El pandémico de la enfermedad del coronavirus (COVID-19), causado por el coronavirus 2 (SARS-CoV-2) de la neumonía asiática, amenaza a salud pública global con los casos totales y a las muertes que alcanzan sobre 212 millón de y 4,44 millones, respectivamente.

Aunque los esfuerzos de la vacunación están en curso en la mayoría de los países, todavía hay opciones limitadas para tratar COVID-19. Ahora, los investigadores en el Estado de Penn diseñaron una nueva terapia COVID-19 que utiliza una versión sintetizada defectuosa del virus SARS-CoV-2 para interferir con la réplica del virus real.

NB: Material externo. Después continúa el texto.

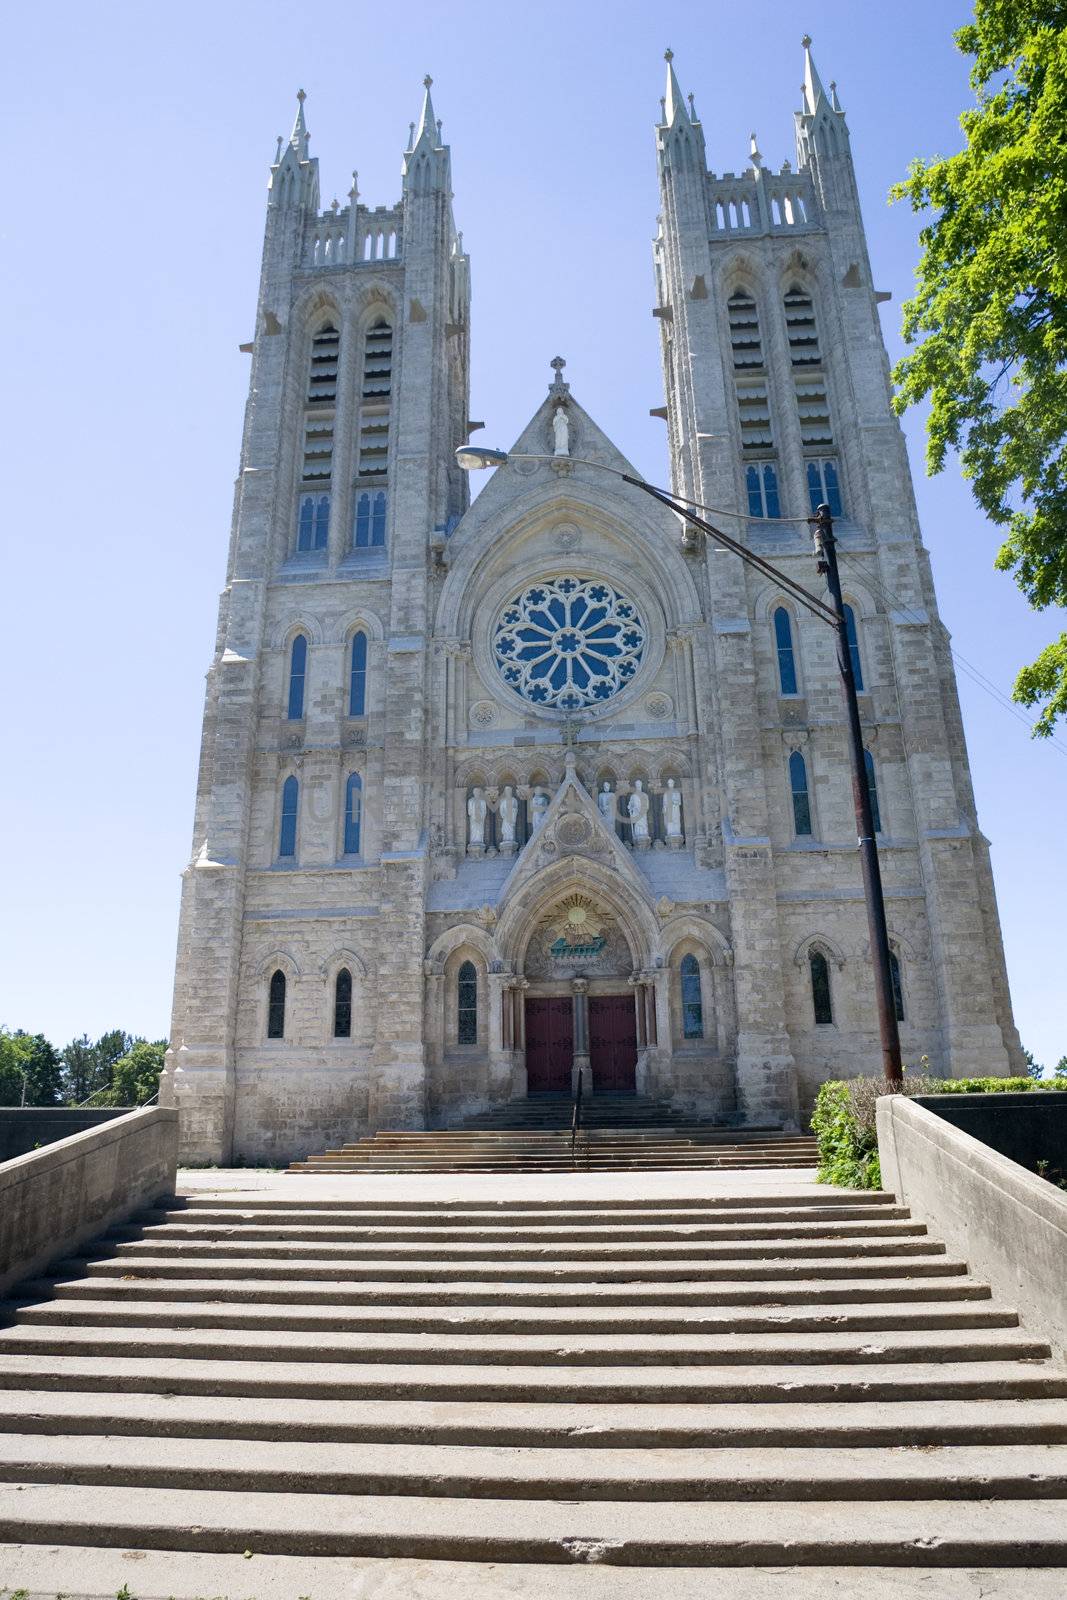 Looking up at the Church of Our Lady. Guelph, Ontario, Canada

Publicado en la vida y el ambiente de PeerJ del gorrón, el estudio destaca el uso del virus defectuoso que repliega tres veces más rápidamente debido a su talla más corta, interfiriendo con la réplica del virus real. La versión sintetizada defectuosa se podría utilizar como terapia antivirus uno mismo-que ascendía, en donde la versión sintetizada repliega más rápidamente, el virus ayudará a su propio fallecimiento.

Réplica defectuosa del genoma

Las versiones de un genoma viral con supresiones grandes emergen con frecuencia de la mayoría de los virus del ácido ribonucleico (ARN). Los genomas defectuosos que faltan series de codificación esenciales pueden todavía replegar y empaquetado en virions en presencia de virus activos.

El genoma viral completo produce las proteínas esenciales para la réplica, que se puede explotar por los genomas defectuosos que conservan la capacidad de atar a estas proteínas. Por lo tanto, estos genomas defectuosos se consideran los parásitos del virus integral puesto que compiten para la réplica. Puesto que son más cortos de largo, pueden replegar más rápidamente que su genoma parental integral en células.

Los coronaviruses comunes pueden contener estos genomas, llamados los genomas de interferencia (DI) defectuosos. En SARS-CoV-2, se han denunciado las supresiones largas, y la recombinación ha mostrado DI genomes para emerger causada por microhomology de la serie.

El estudio

En el estudio, los investigadores crearon a DI sintetizado corto RNAs de las partes del salvaje-tipo genoma de SARS-CoV-2 para examinar si podrían replegar en células coinfected y ser empaquetados en virions. Cuantificaron las cantidades relativas de los genomas de los DI y del PESO en las células durante períodos, mostrando la interferencia del genoma de los DI con el salvaje-tipo genoma (PESO).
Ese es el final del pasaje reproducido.